### Exercise instructions
All that is wanted is the line with "FoxGear Sinister FET" and each line after it to the end of the data below, set down exactly and without pictures.

### Information provided

┄┄┄┄┄┄┄┄┄┄

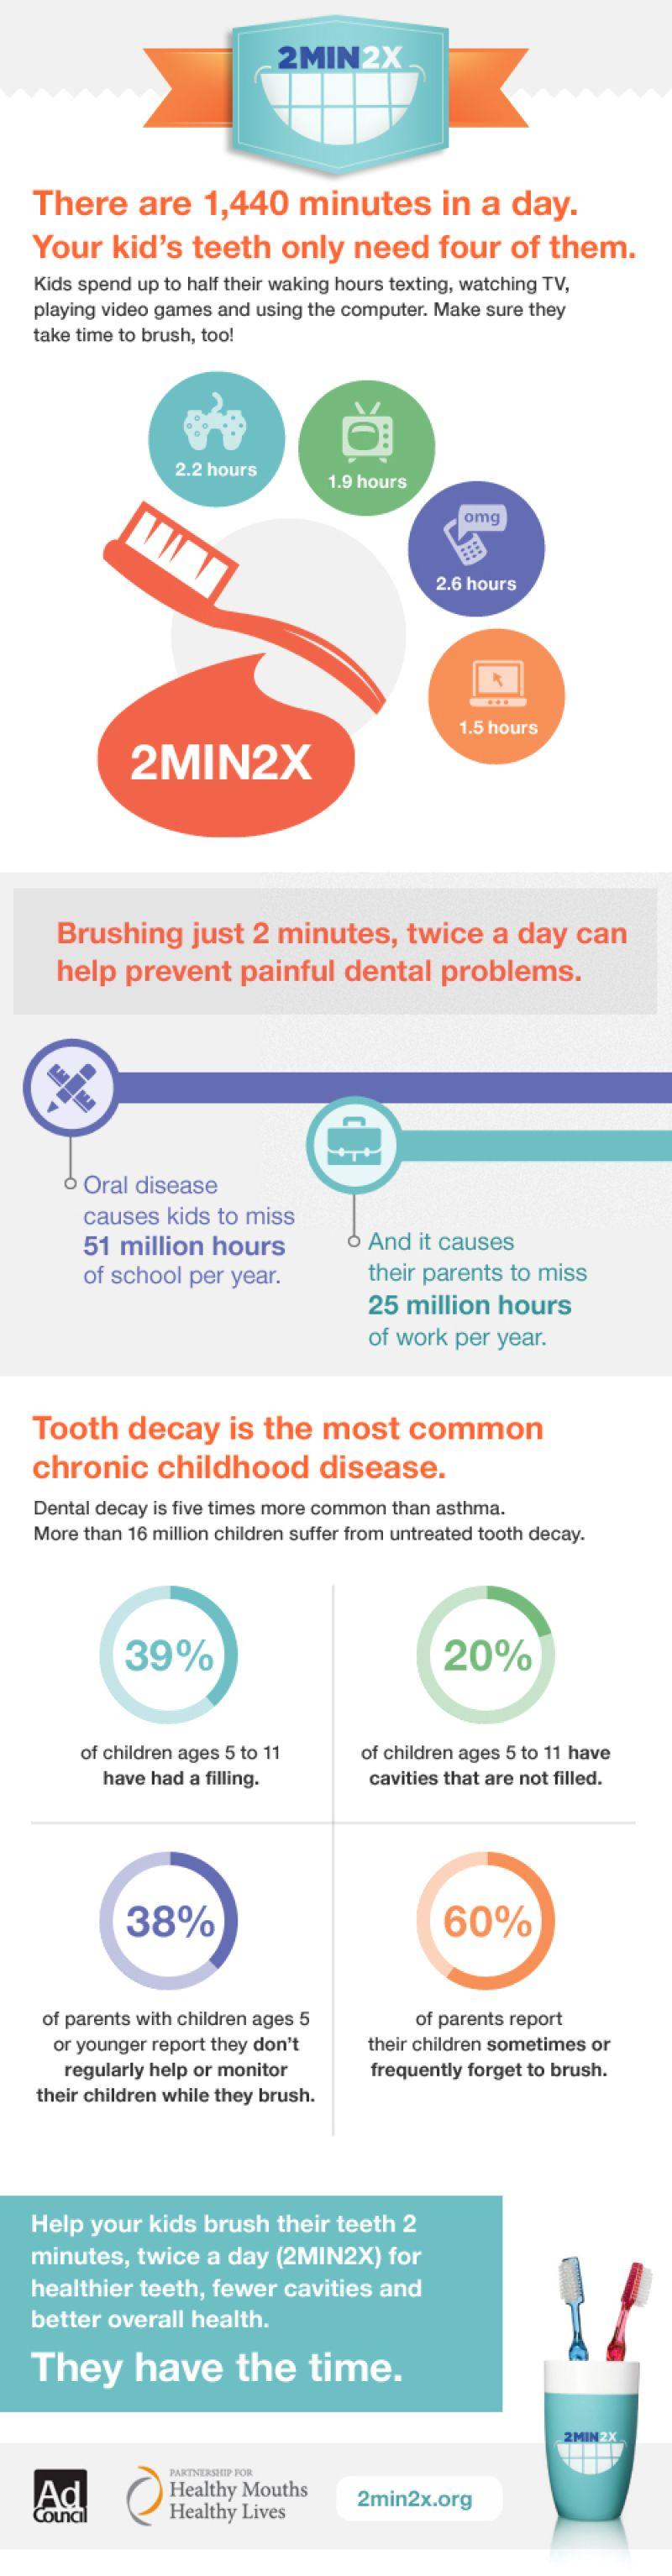 #dental #dentist #oralhealth #parenting #parentingtips #parentingadvice #lpa #lpatucson #lapalomaacademy #lapaloma   La Paloma Academy, AZ
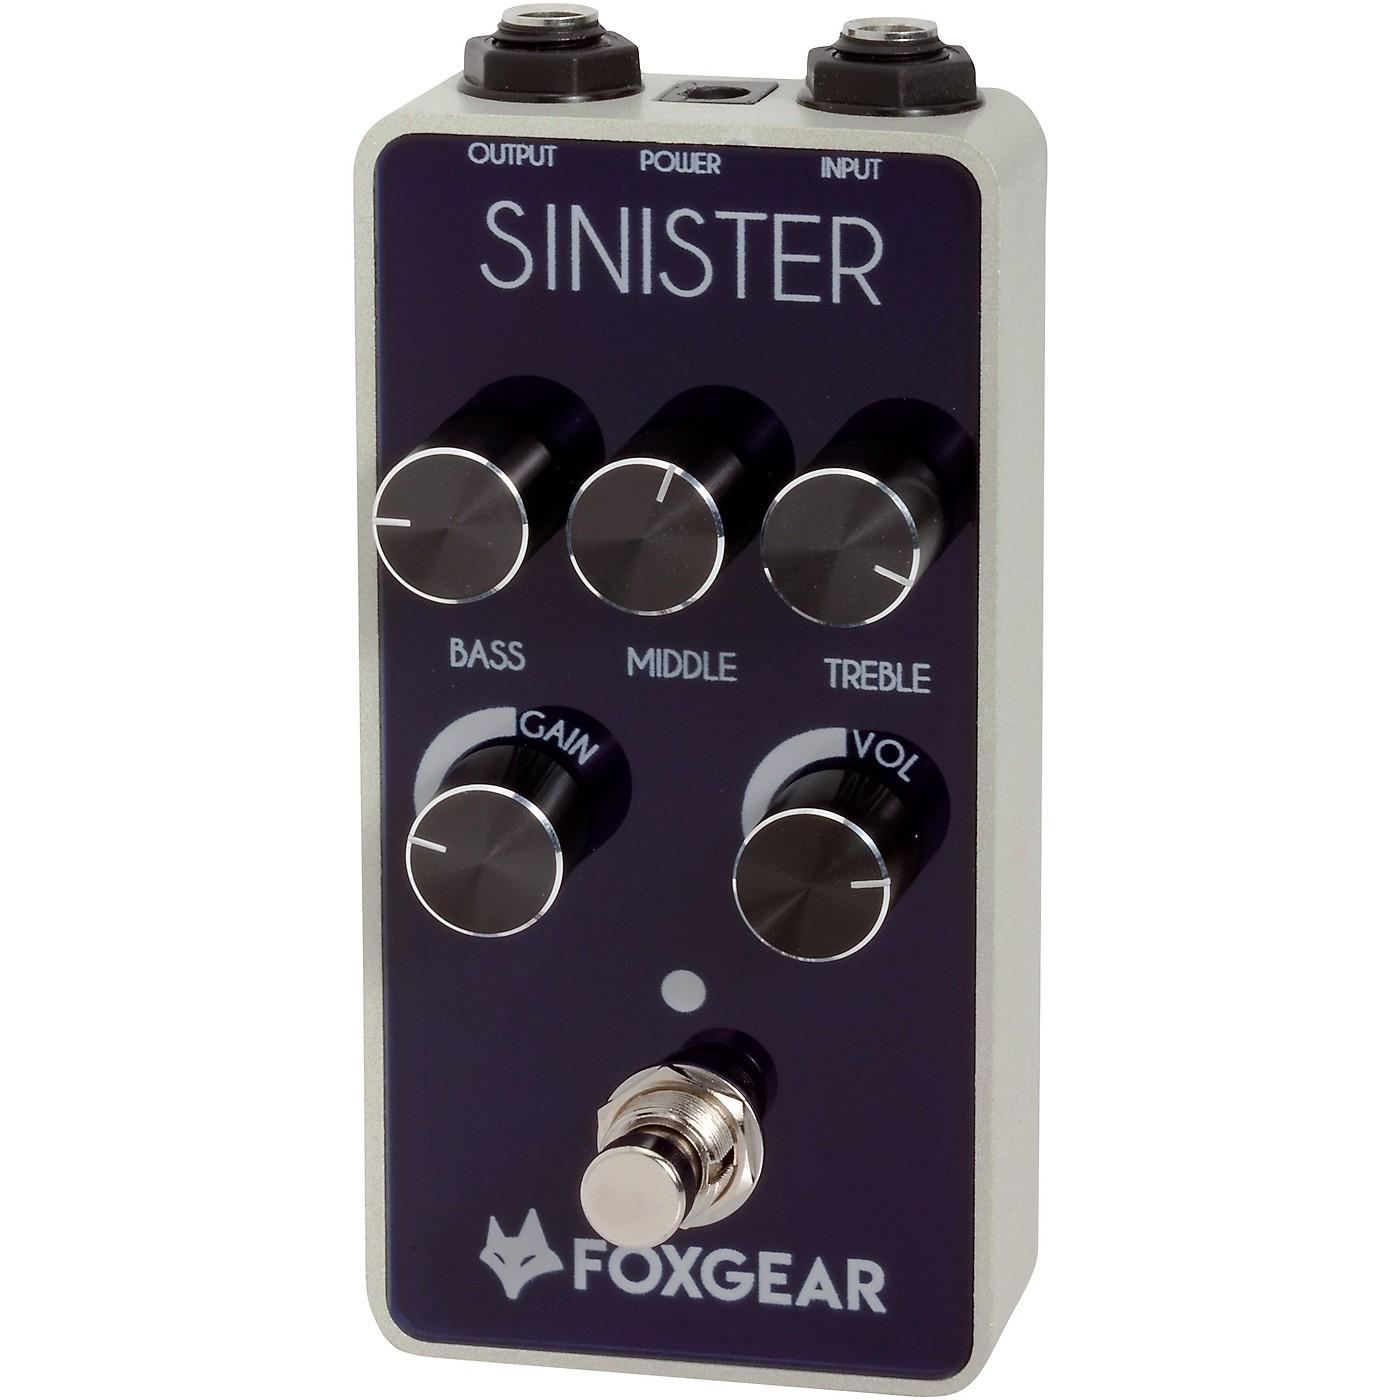 FoxGear Sinister FET Metal Distortion Effects Pedal thumbnail
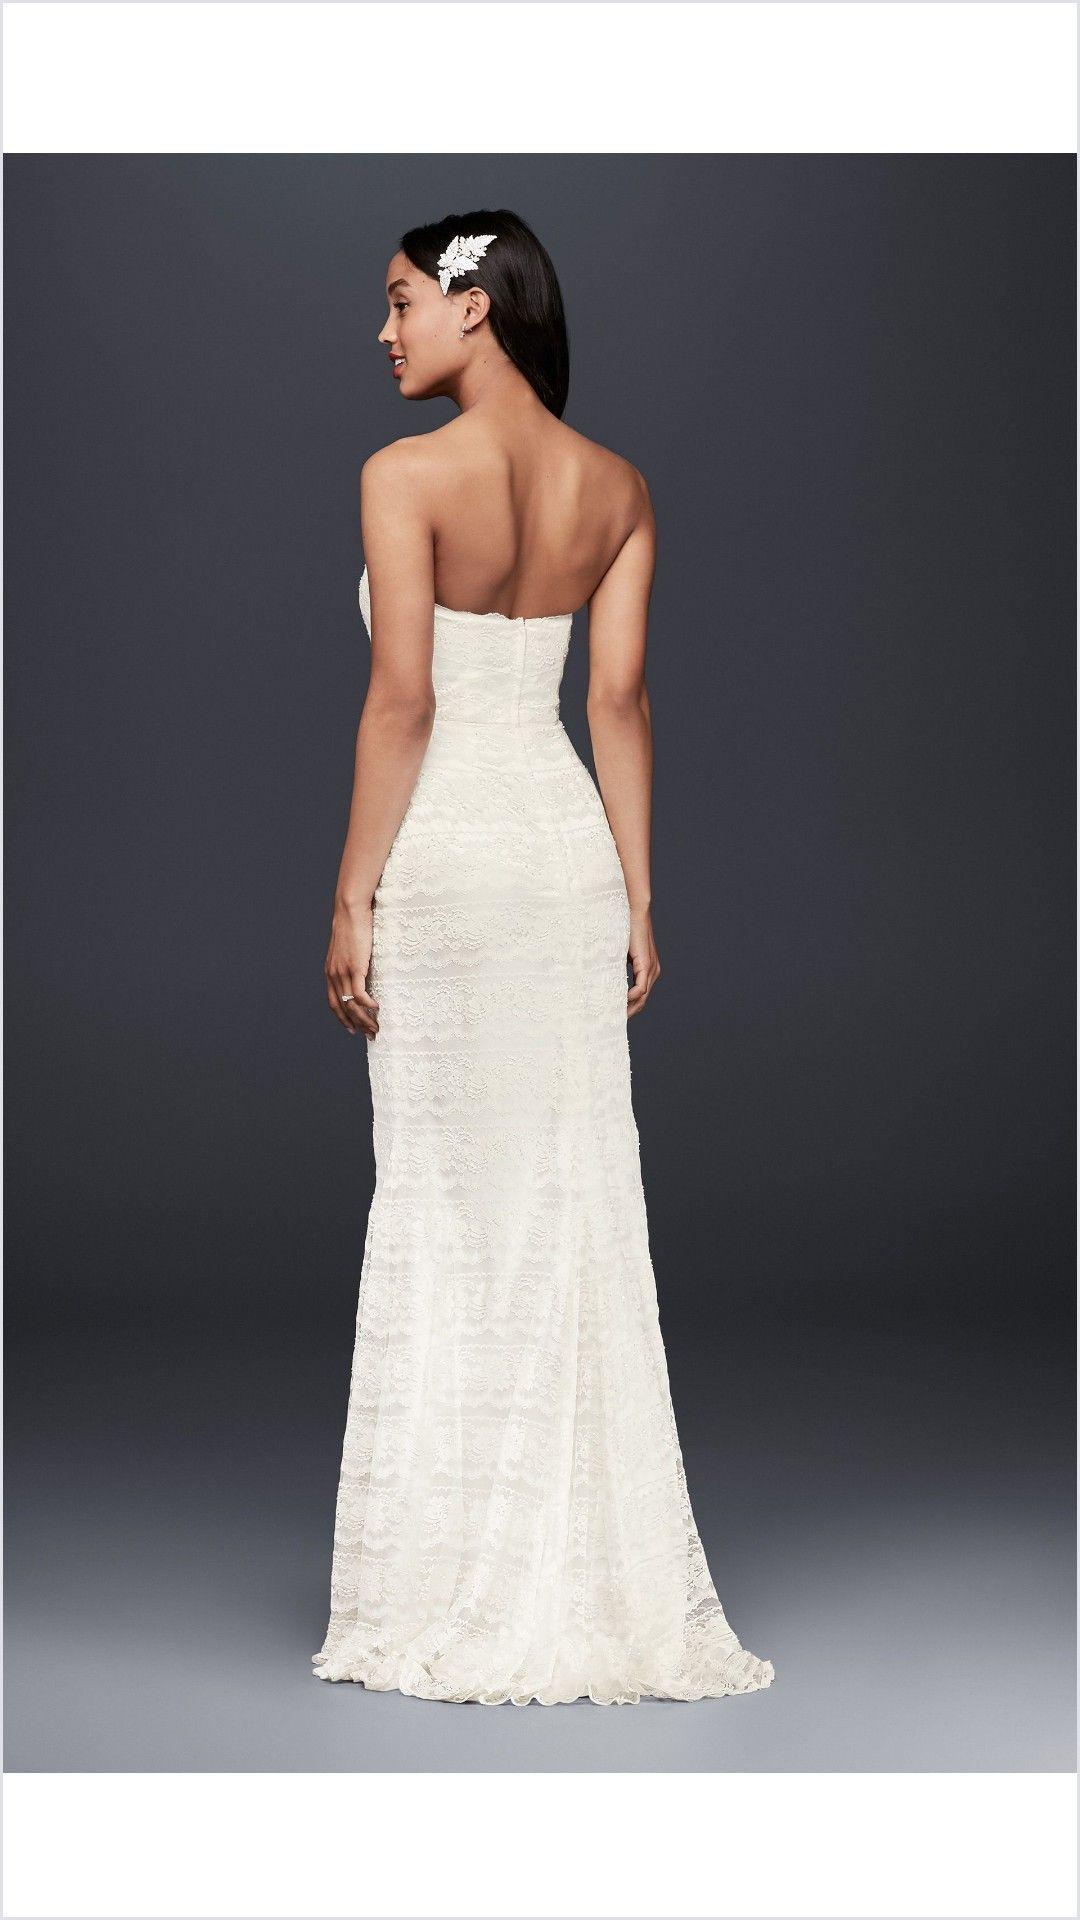 Idea by Denyeal on Weathington Wedding Sheath wedding

┄┄┄┄┄┄┄┄┄┄

### Problem solution
 FoxGear Sinister FET Metal Distortion Effects Pedal thumbnail
 Idea by Denyeal on Weathington Wedding Sheath wedding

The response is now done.